WHAT YOU SHOULD DO:
When you return the data, keep every word exact and include none of the images.

══ GIVEN MATERIAL

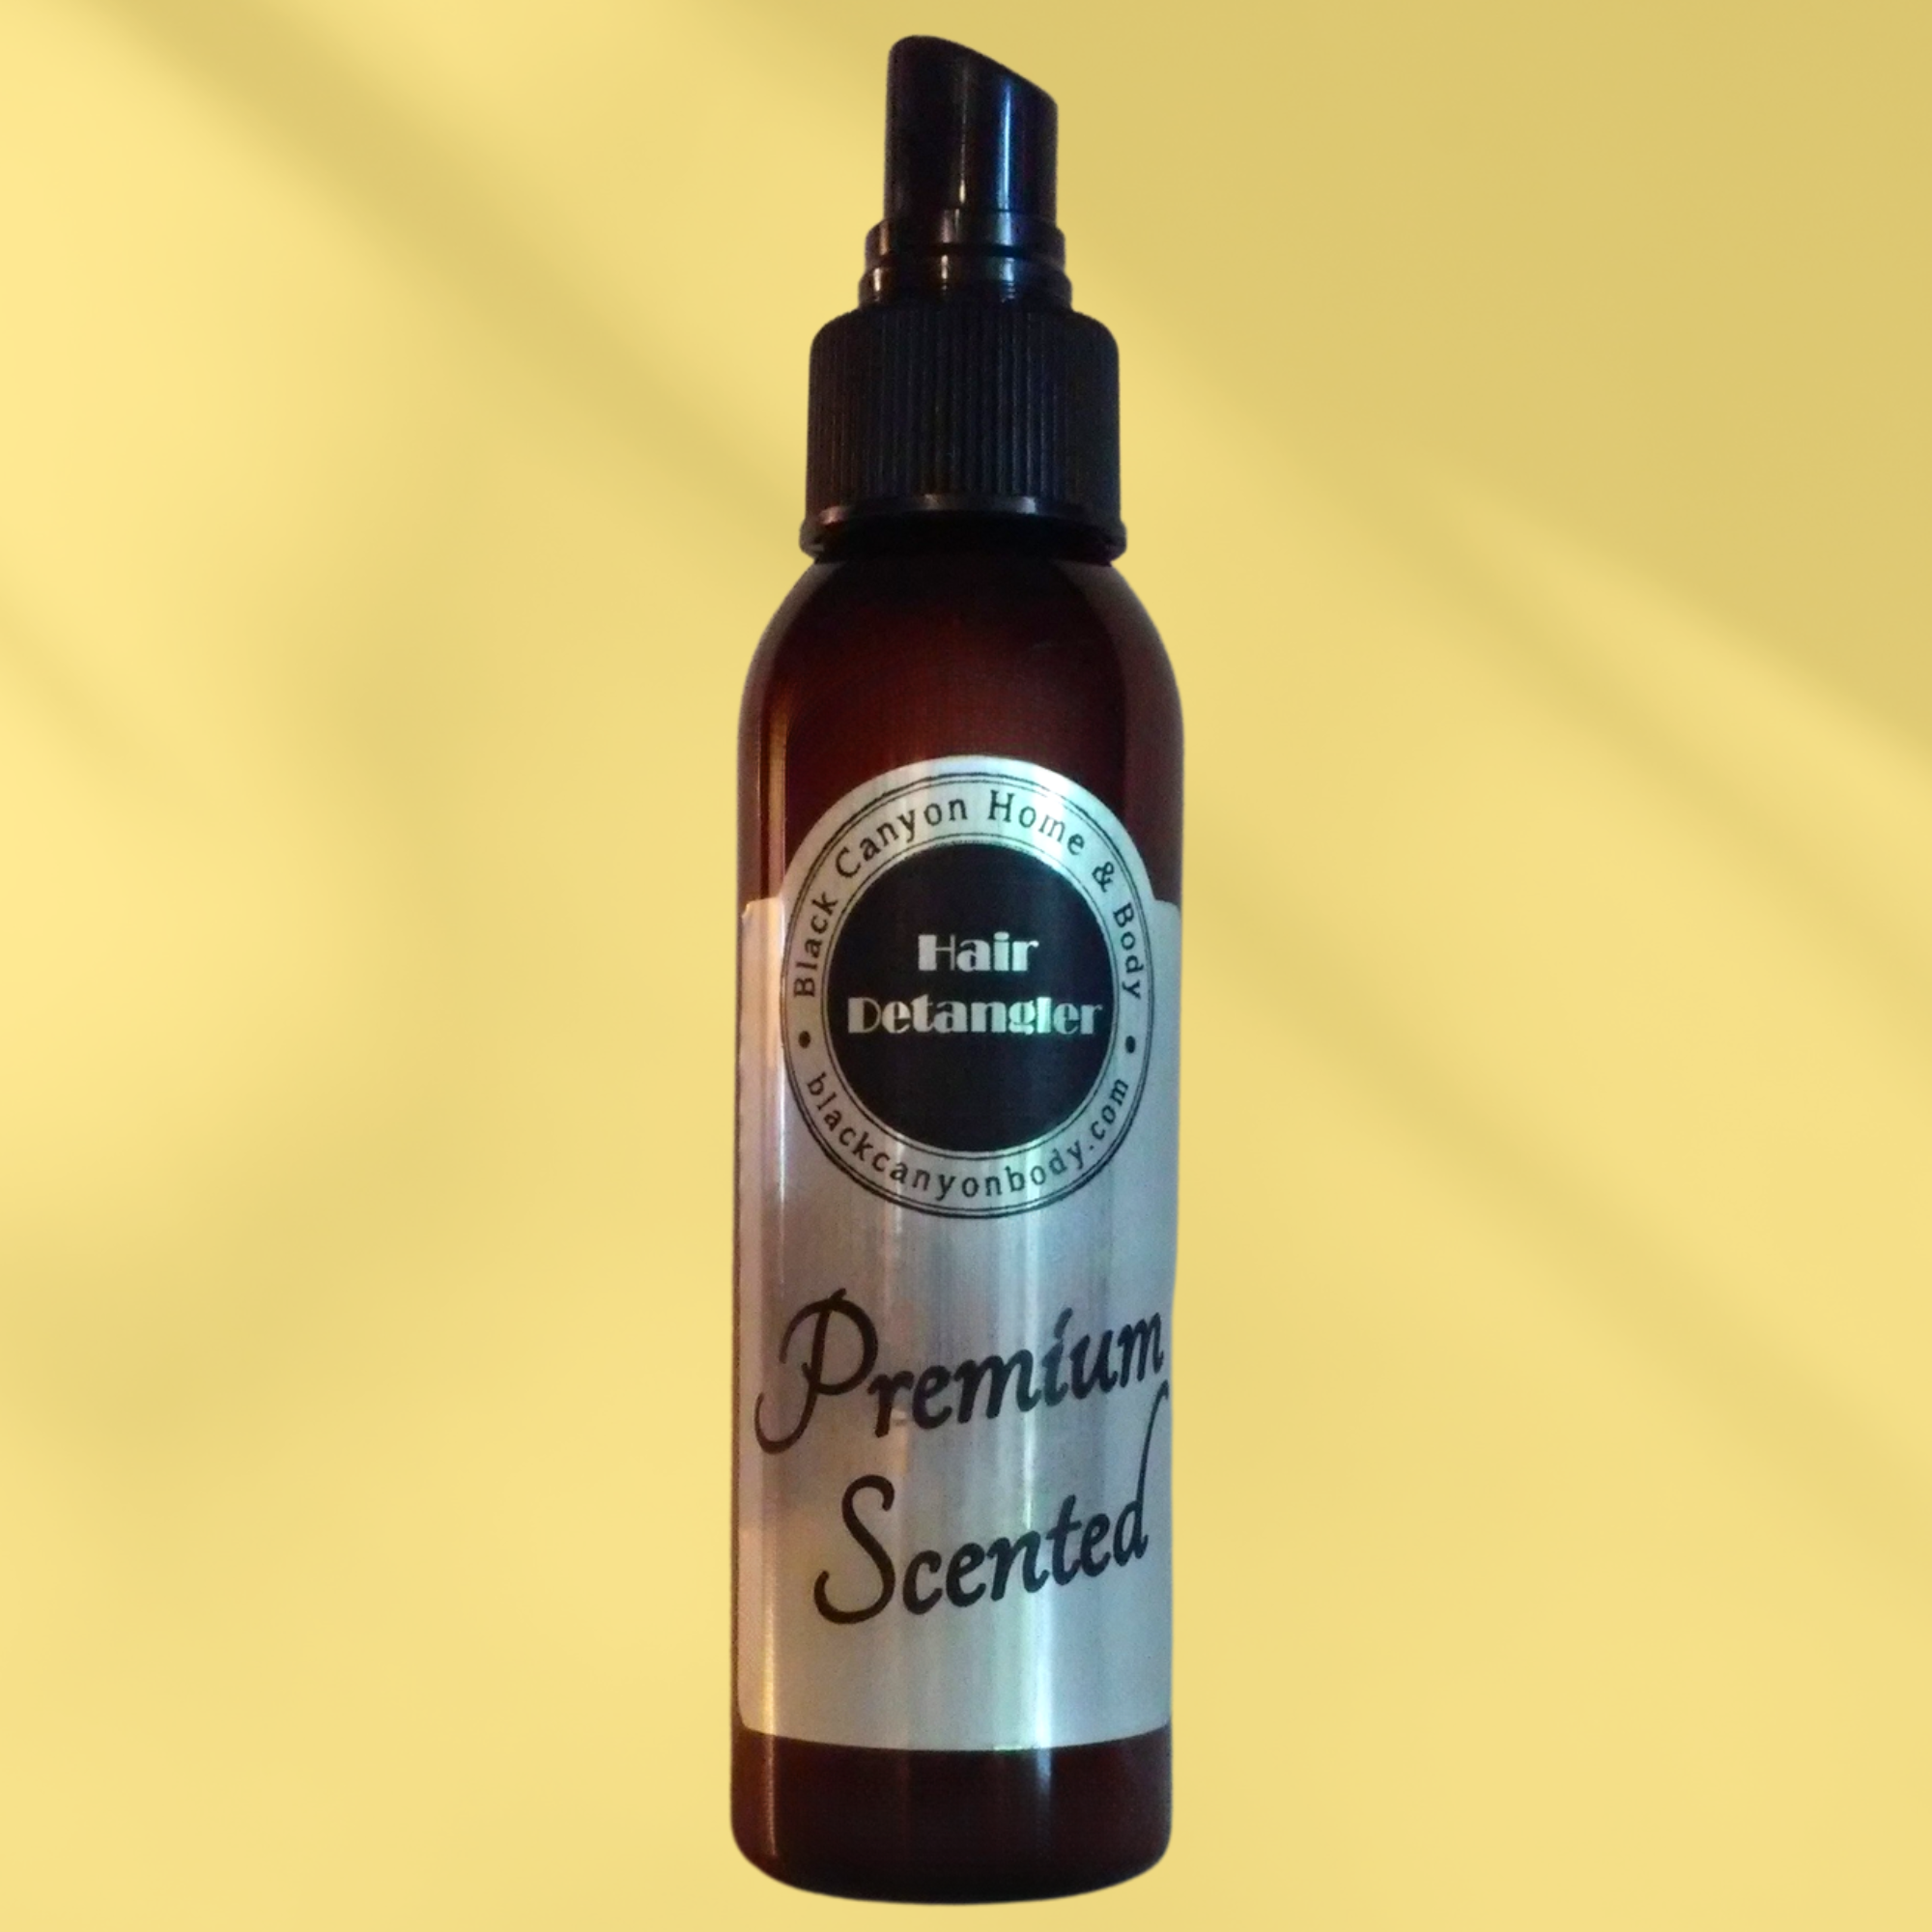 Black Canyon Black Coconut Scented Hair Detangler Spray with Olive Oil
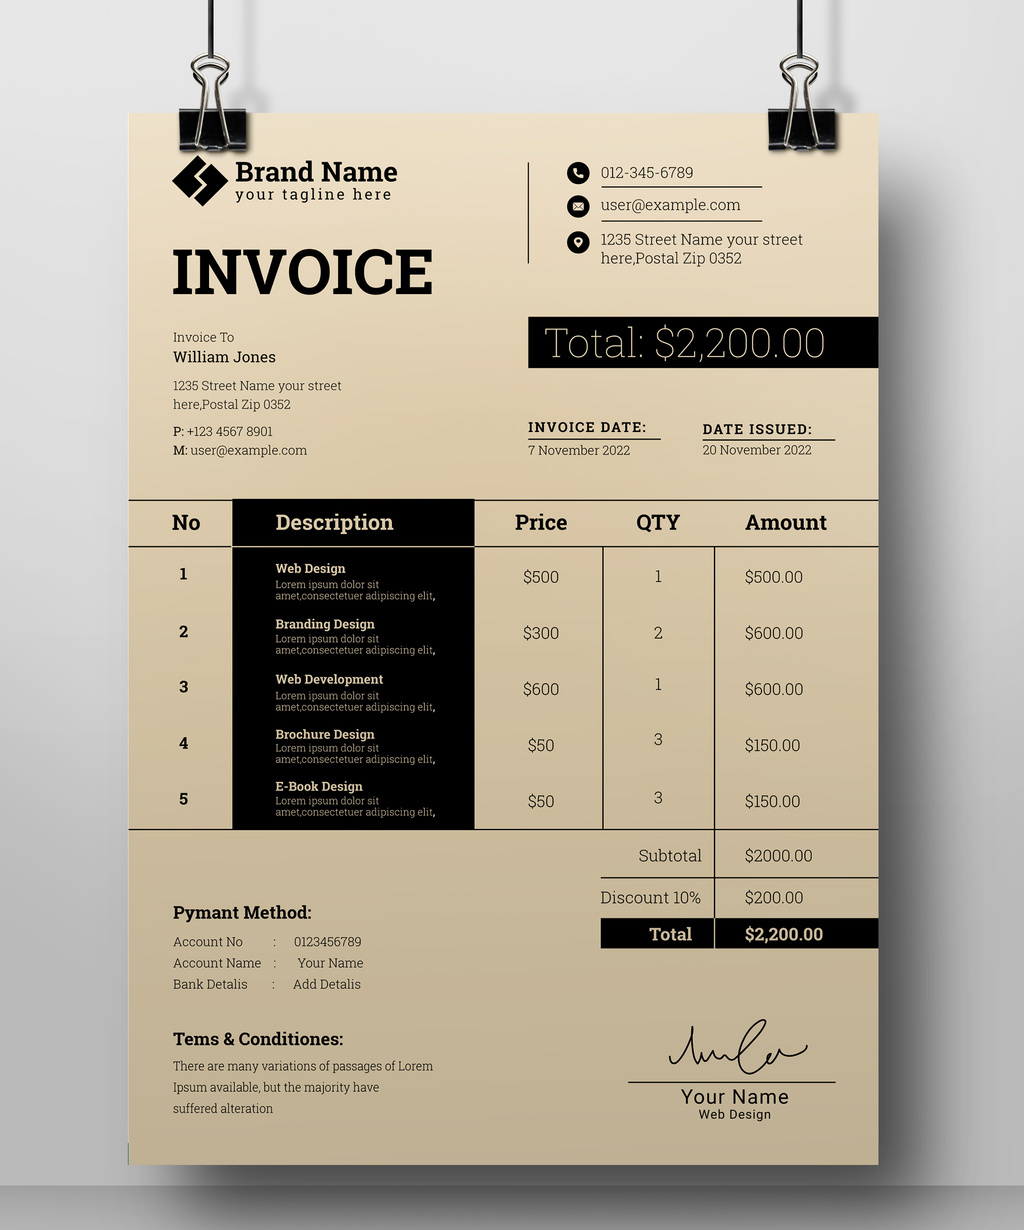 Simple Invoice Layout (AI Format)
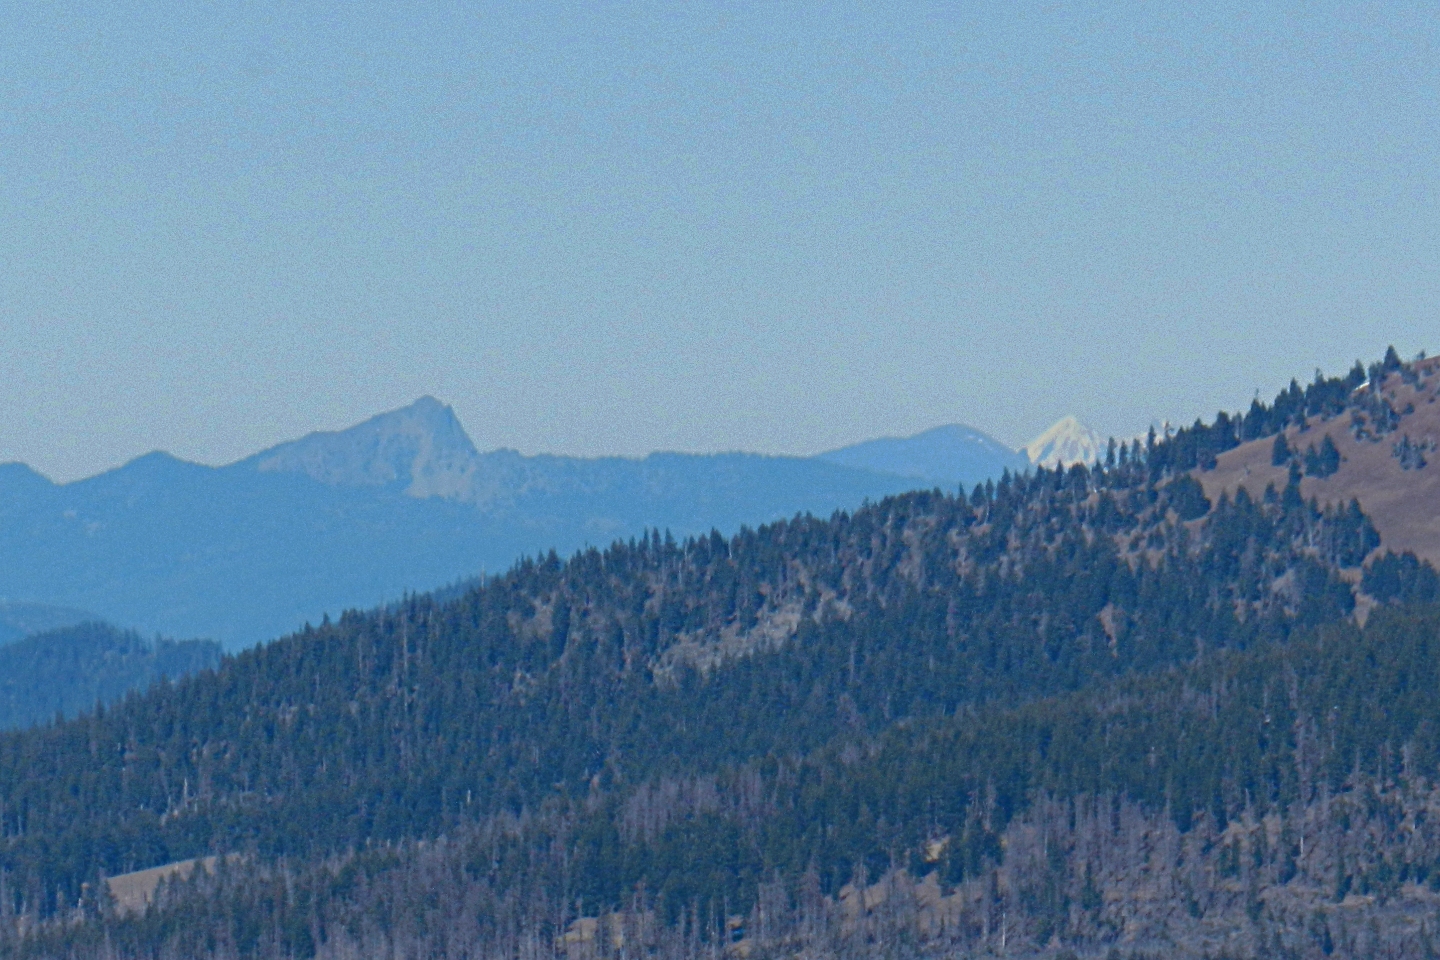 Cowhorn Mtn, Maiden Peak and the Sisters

════

OUTPUT FOR THIS EXERCISE:
 Black Canyon Black Coconut Scented Hair Detangler Spray with Olive Oil
 Simple Invoice Layout (AI Format)
 Cowhorn Mtn, Maiden Peak and the Sisters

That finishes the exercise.